Let $F$ be a field and $V$ a quadratic space with an anisotropic form $q$ not representing $1$ (i.e. $q(v)\neq1$ for all $v\in V$). Show that if $a\in F$ and $v\in V$ are not both zero, then $a+v$ is an invertible element in the Clifford algebra $C(V,q)$.

I'm not really sure how to start this problem. I don't fully understand Clifford algebras, so I don't even really know what invertible elements even look like. I understand the definition - $T(V)/I$, where I is the ideal generated by $v\otimes v-q(v)$ - but I don't understand the resulting algebra (except when $q$ is a binary or nonzero unary form).

Any help is appreciated.
• November 22nd 2011, 06:47 PM
NonCommAlg
Re: Show element is invertible in a Clifford algebra
Quote:

Originally Posted by redsoxfan325
Here is the problem:

Let $F$ be a field and $V$ a quadratic space with an anisotropic form $q$ not representing $1$. Show that if $a\in F$ and $v\in V$ are not both zero, then $a+v$ is an invertible element in the Clifford algebra $C(V,q)$.

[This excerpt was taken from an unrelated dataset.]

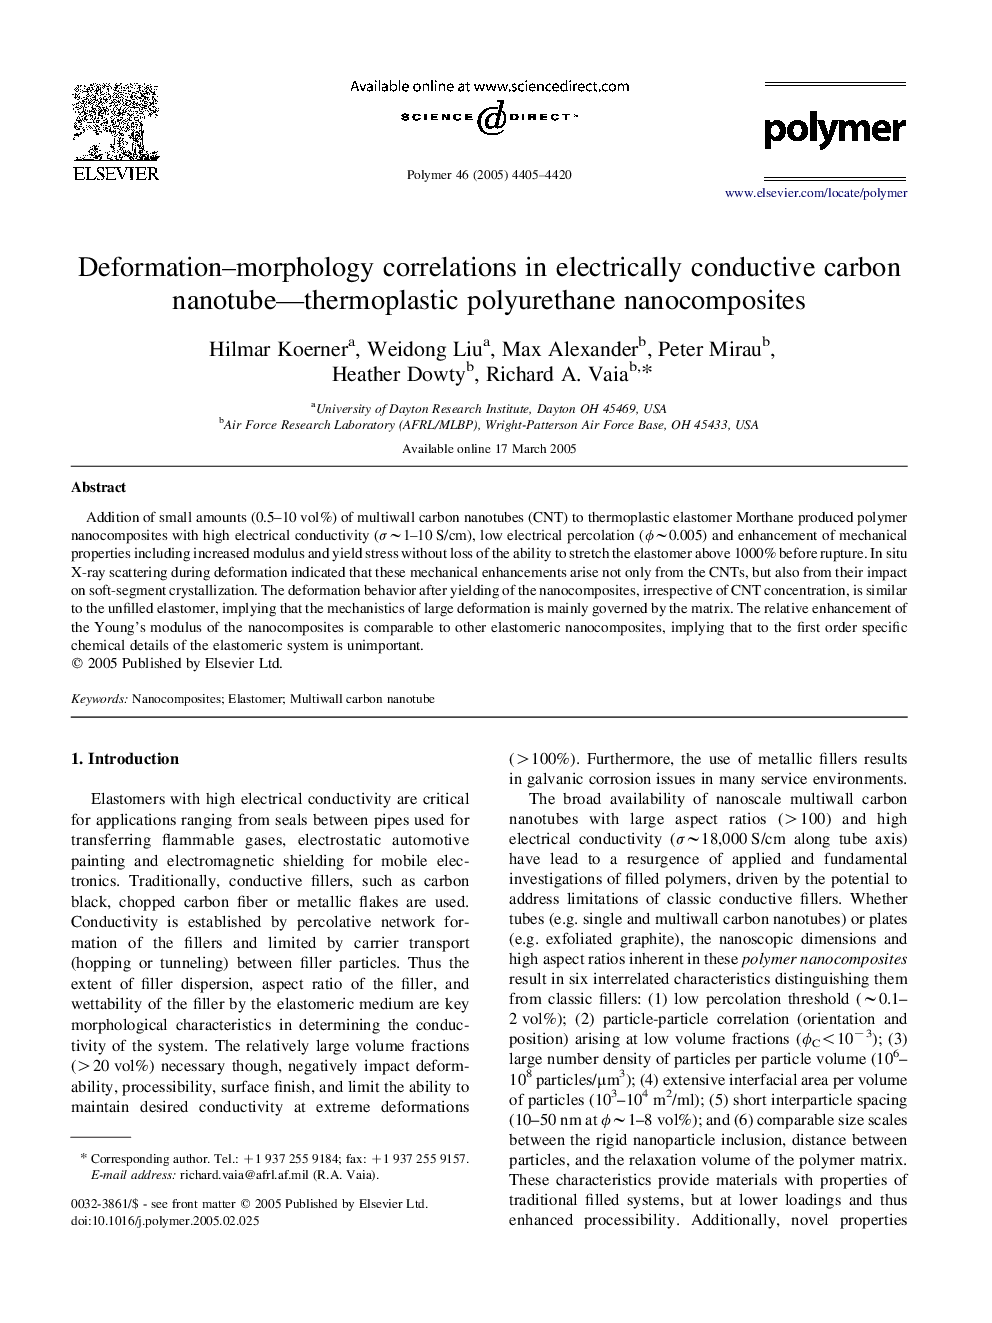 Deformation-morphology correlations in electrically conductive carbon nanotube-thermoplastic polyurethane nanocomposites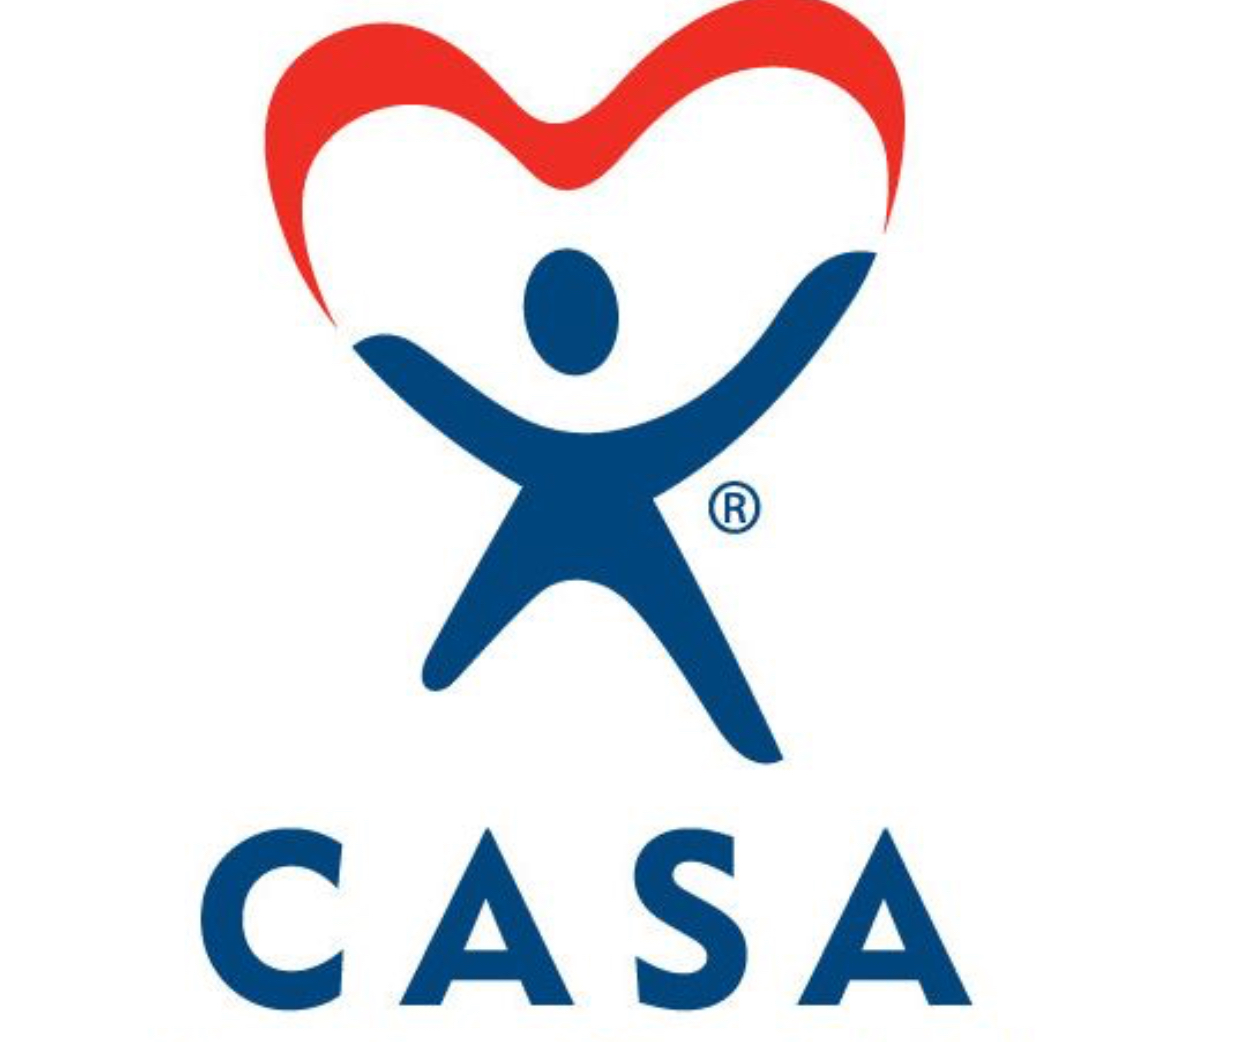 CASA Gives Neglected Children Assistance, Companionship

I'm not really sure how to start this problem. I don't fully understand Clifford algebras, so I don't even really know what invertible elements even look like. I understand the definition - $T(V)/I$, where I is the ideal generated by $v\otimes v-q(v)$ - but I don't understand the resulting algebra (except when $q$ is a binary or nonzero unary form).

Any help is appreciated.

what do u mean by "not representing 1"? do u mean $q(v) \neq 1$ for all $v \in V$?
• November 22nd 2011, 06:48 PM
redsoxfan325
Re: Show element is invertible in a Clifford algebra
Quote:

Originally Posted by NonCommAlg
what do u mean by "not representing 1"? do u mean $q(v) \neq 1$ for all $v \in V$?

Yes.
• November 22nd 2011, 07:03 PM
NonCommAlg
Re: Show element is invertible in a Clifford algebra
Quote:

Originally Posted by redsoxfan325
Yes.

ok then, so $q(v) \neq a^2$ because otherwise $q(a^{-1}v)=1.$ let $b = a(a^2 - q(v))^{-1}$ and $c =-ba^{-1}$ and see that $(a+v)(b+cv)=1.$